Introduction
In this article, I’ll demonstrate how to deploy multiple consumers within a consumer group and observe Kafka’s automatic rebalancing mechanism in action. This builds upon my previous post about basic Kafka producers and consumers.
Prerequisites
Before diving in, ensure you have Docker and Python installed on your system.
Setting Up the Python Environment
Create and activate a virtual environment to keep dependencies isolated:
python3 -m venv kafka-env
source kafka-env/bin/activate # On Windows: kafka-env\Scripts\activate
# Install the required package
pip install kafka-python
Creating a Multi-Partition Topic
Unlike single-partition topics, we need multiple partitions to demonstrate consumer group behavior effectively.
# Create a topic with 3 partitions
docker compose exec kafka kafka-topics --create \
--topic web-events-partitioned \
--bootstrap-server localhost:9092 \
--partitions 3 \
--replication-factor 1
# Verify the partitions
docker compose exec kafka kafka-topics --describe \
--topic web-events-partitioned \
--bootstrap-server localhost:9092
You should see output confirming 3 partitions:
Implementation
The complete Python scripts are available on my GitHub repository.

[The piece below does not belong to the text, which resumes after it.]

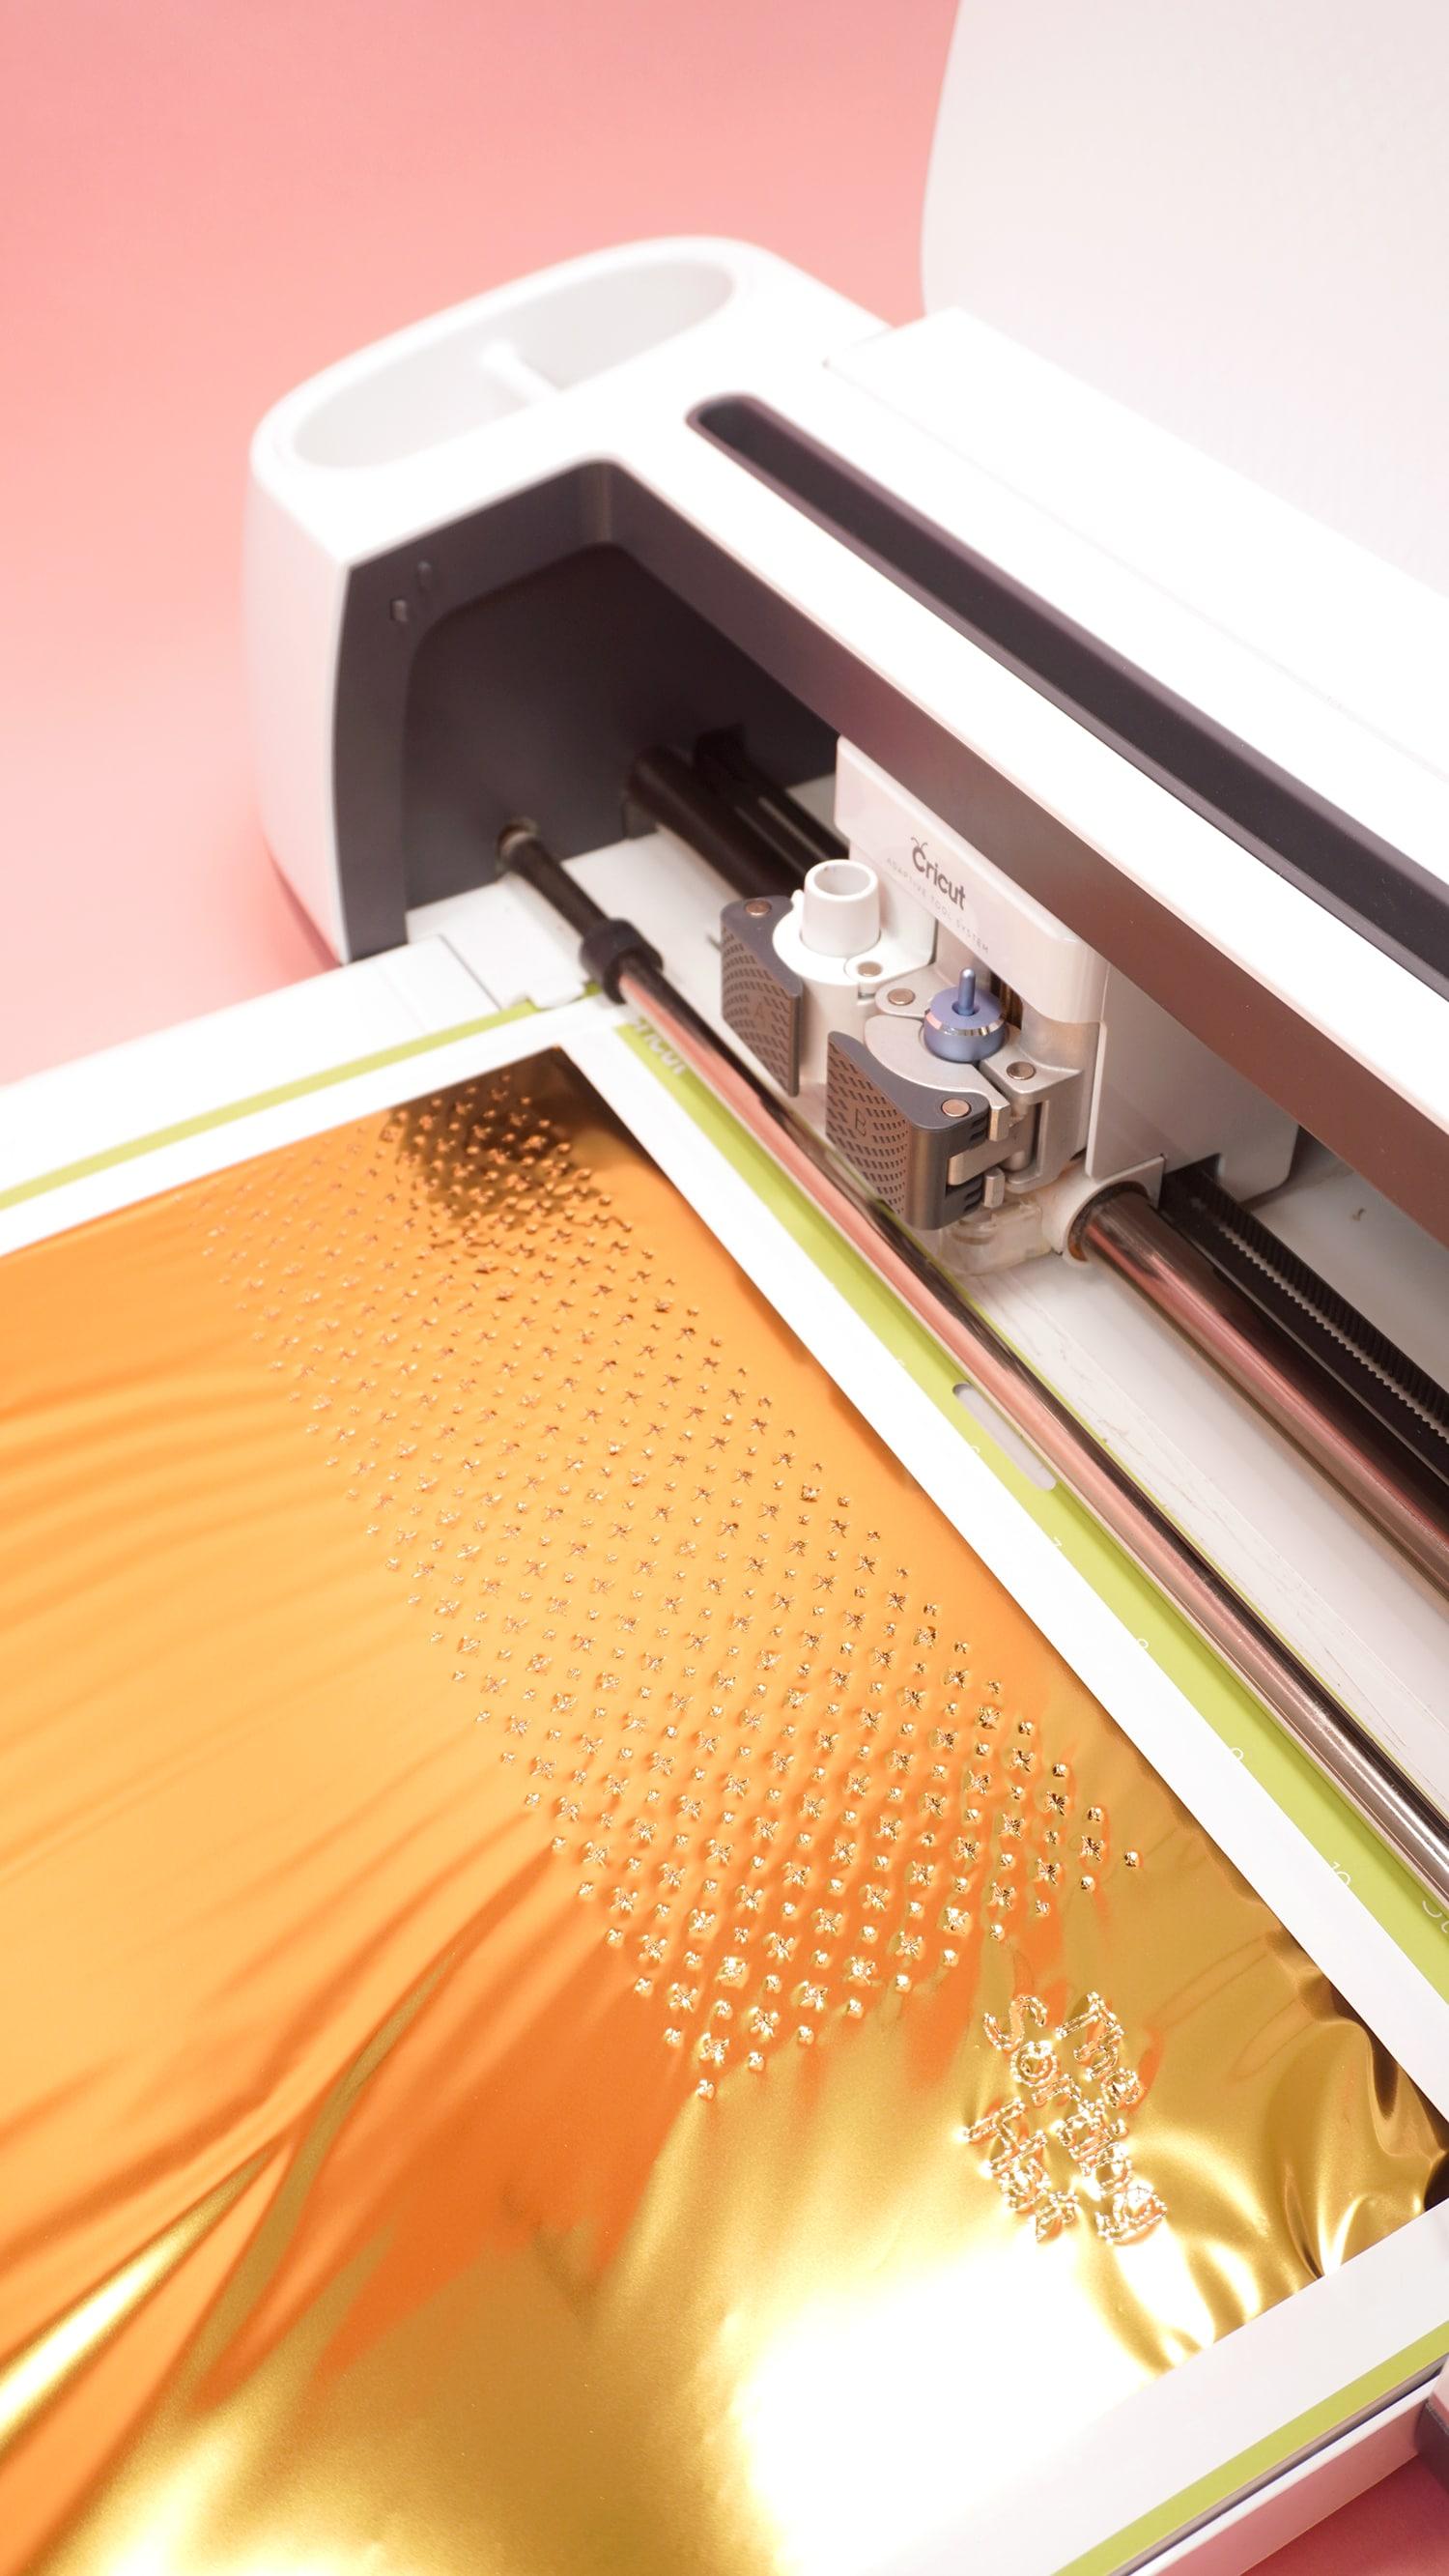 Cricut Gold Foil Transfer System on Mat in Cricut Maker

consumer_group_partitioned.py
: Launches 3 consumers in a single processpartitioned_producer.py
: Produces messages with user IDs as keys for consistent partitioningsetup_partitioned_topic.sh
: Helper script to create the partitioned topic
Running the Consumer Group Demo
Step 1: Start the Consumer Group
python3 consumer_group_partitioned.py
Step 2: Start the Producer
In a new terminal:
python3 partitioned_producer.py
Step 3: Monitor the Message Flow (Optional)

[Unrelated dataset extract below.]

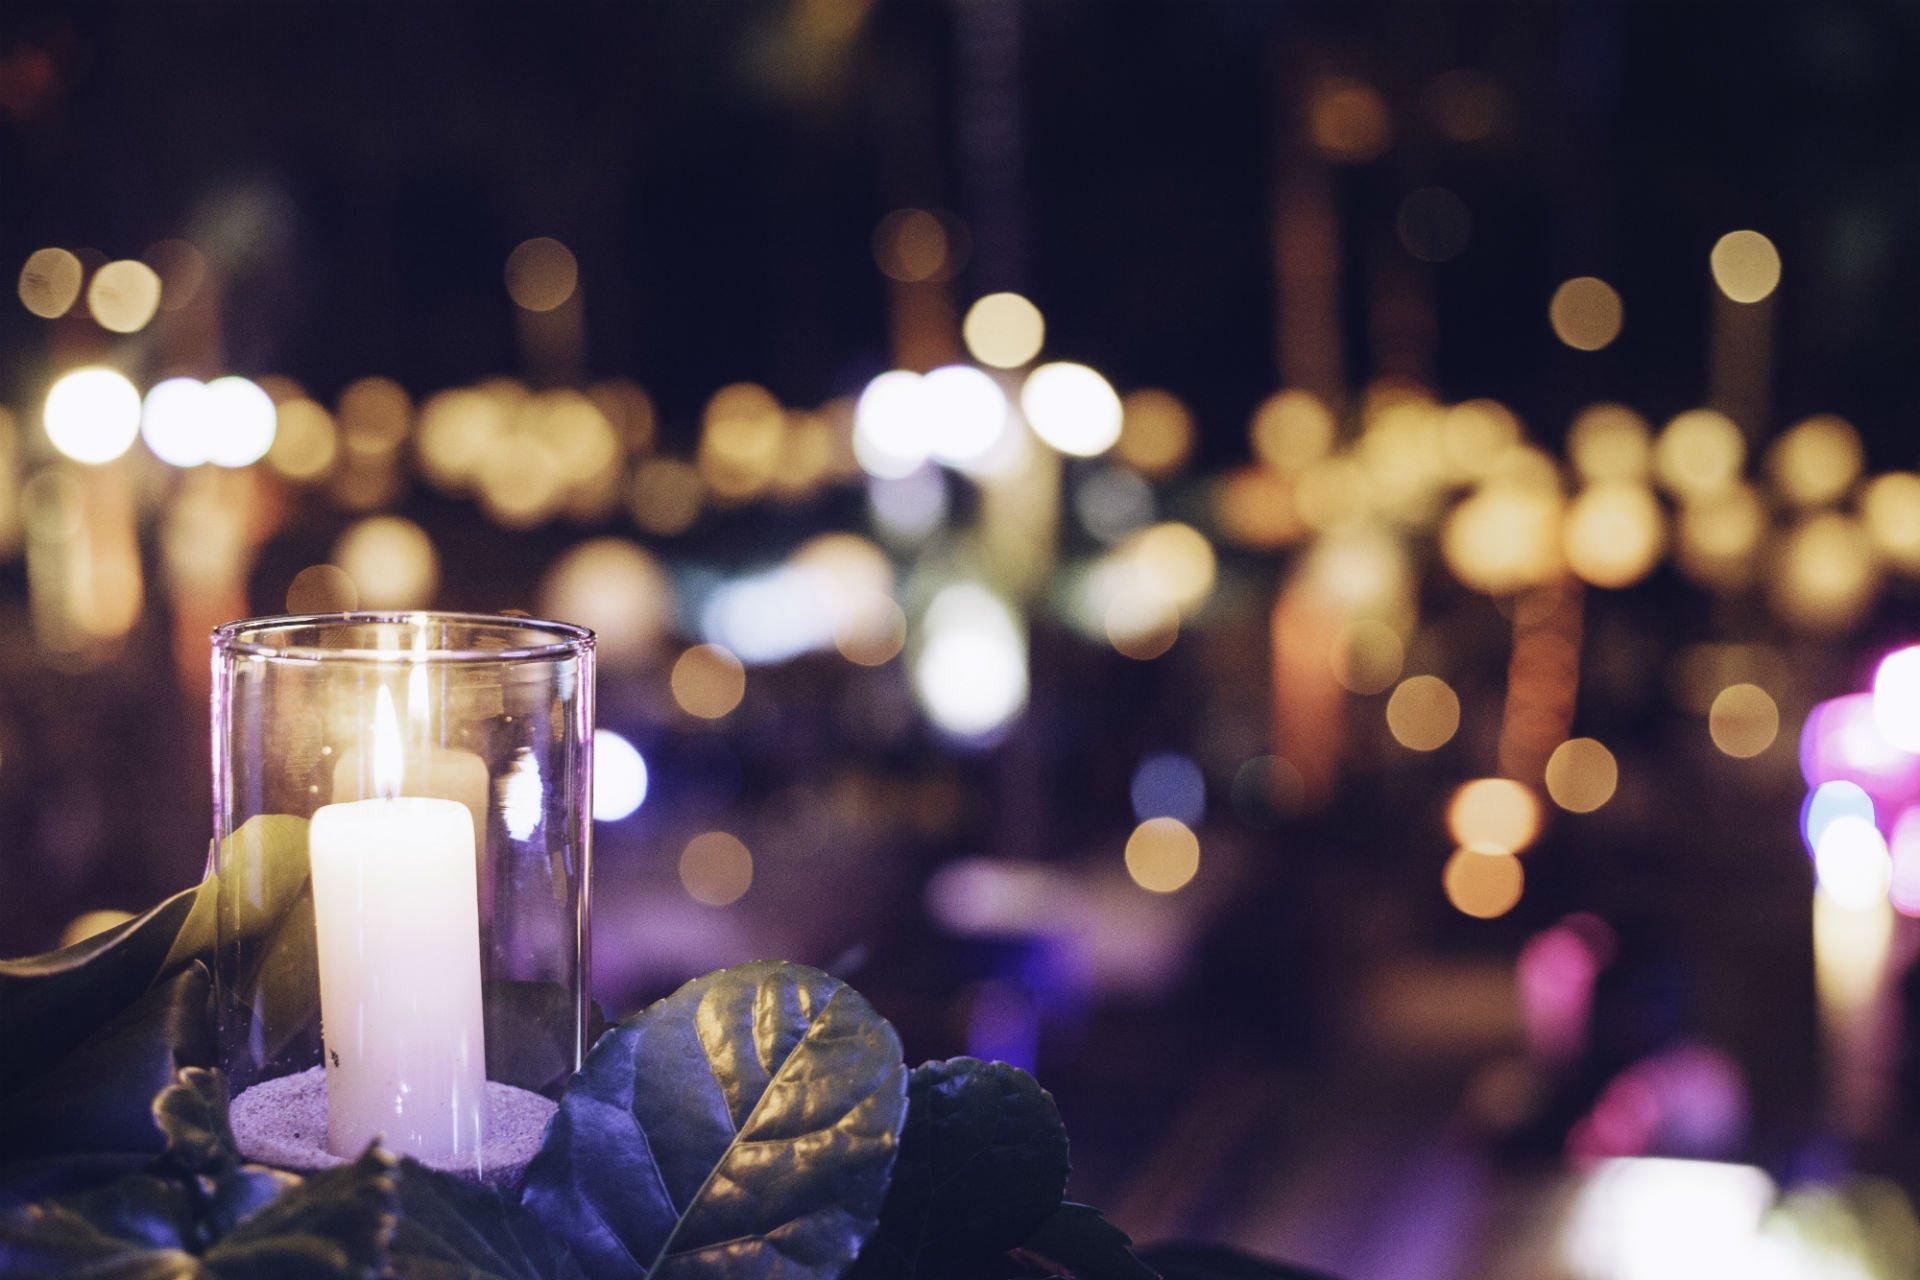 porta candela e una candela accesa

To see messages being distributed across partitions:
docker compose exec kafka kafka-console-consumer \
--bootstrap-server localhost:9092 \
--topic web-events-partitioned \
--property print.key=true \
--property print.partition=true \
--property print.offset=true \
--from-beginning
Demo: Consumer Group in Action
In the demo below, notice how each consumer (represented by a different color) handles exactly one partition. This demonstrates Kafka’s load distribution:
Testing Kafka Rebalancing
Now for the interesting part: what happens when a consumer fails?

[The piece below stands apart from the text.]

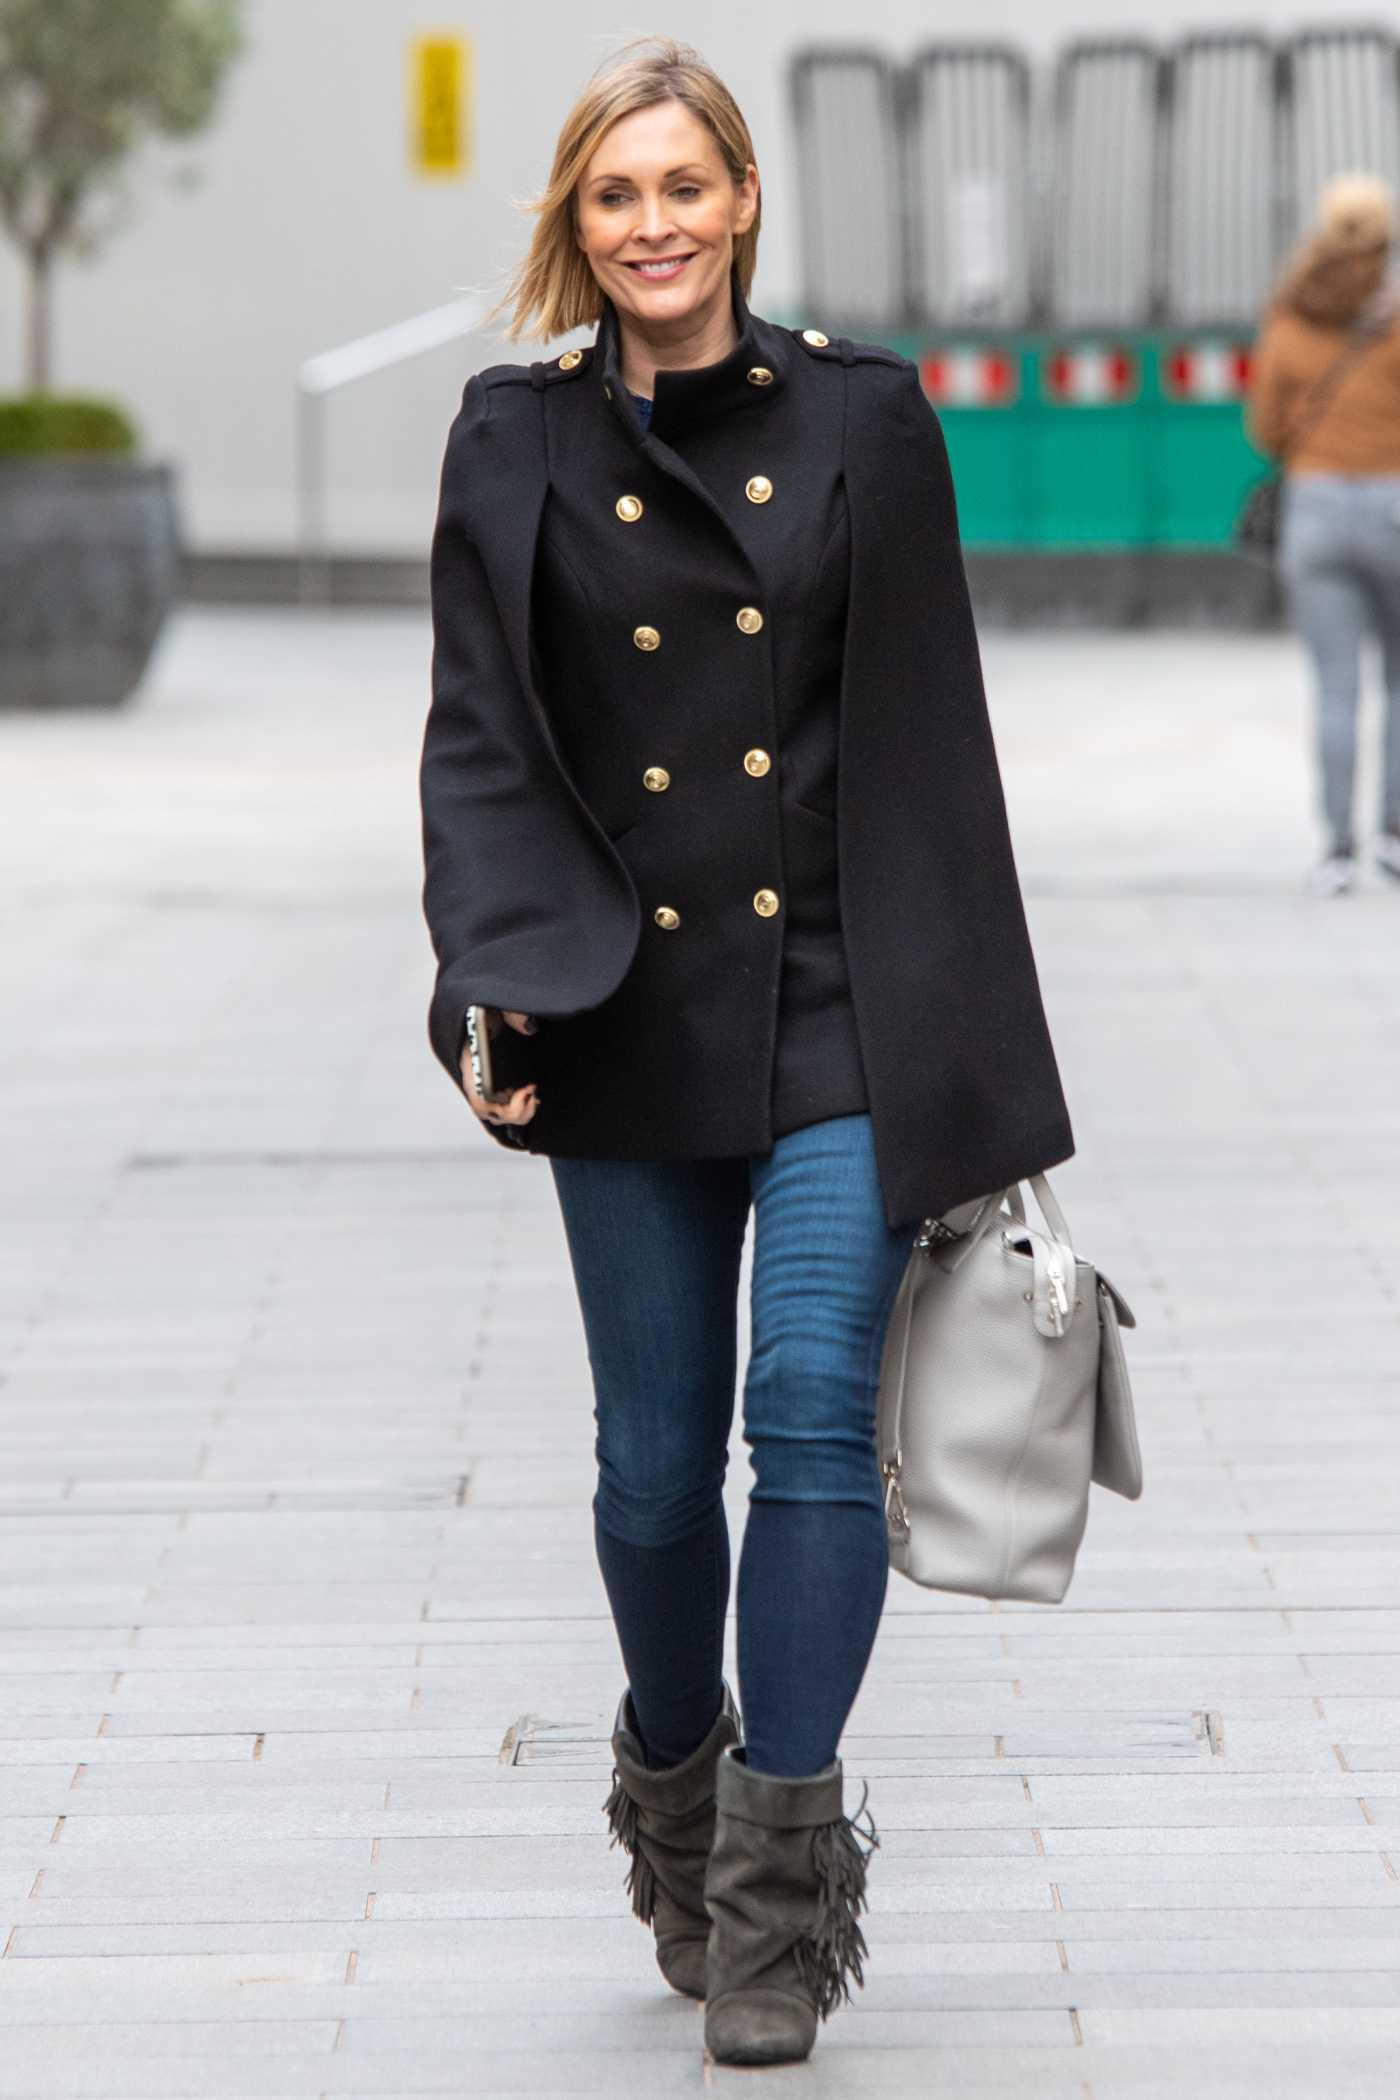 Jenni Falconer in a Black Jacket Leaves the Global Studios in London 02/19/2021

Setting Up Individual Consumers
To properly test rebalancing, we need to run each consumer in its own process. I’ve created a single_consumer.py
script for this purpose.
Launch three consumers in separate terminals:
# Terminal 1
python3 single_consumer.py 1
# Terminal 2
python3 single_consumer.py 2
# Terminal 3
python3 single_consumer.py 3
Monitoring the Rebalancing Process
In a fourth terminal, monitor the consumer group status:
watch -n 2 'docker compose exec kafka kafka-consumer-groups --describe \
--group web-events-group \
--bootstrap-server localhost:9092'
Triggering a Rebalance
- Kill one of the consumers (Ctrl+C)
- Watch the monitoring terminal
- After couple of seconds, Kafka detects the failure and reassigns the partition
Pay attention to the CONSUMER-ID
column - each partition is initially assigned to a specific consumer.
When Consumer 2 (green, with ID ending in a9b
) is terminated, watch how Kafka automatically reassigns its partition. In this demo, partition 1 gets redistributed to Consumer 3 (blue, with ID ending in 86e
).
Subsequently, when Consumer 3 is terminated, both its original partition and the inherited one are reassigned to the remaining Consumer 1 (red, with ID ending in f6f
), demonstrating how a single consumer can handle multiple partitions when needed.
Demo: Rebalancing in Action
Key Takeaways
- Automatic Load Distribution: Kafka automatically assigns partitions to consumers in a group
- Fault Tolerance: When a consumer fails, its partitions are redistributed to healthy consumers
- No Message Loss: During rebalancing, no messages are lost - they’re simply processed by different consumers
- Scalability: You can add or remove consumers dynamically, and Kafka handles the rebalancing
Conclusion
This demonstration shows the power of Kafka’s consumer groups and automatic rebalancing. In production environments, this mechanism ensures high availability and efficient resource utilization without manual intervention. Whether you’re handling millions of events or building a simple event-driven system, understanding these concepts is crucial for building robust streaming applications.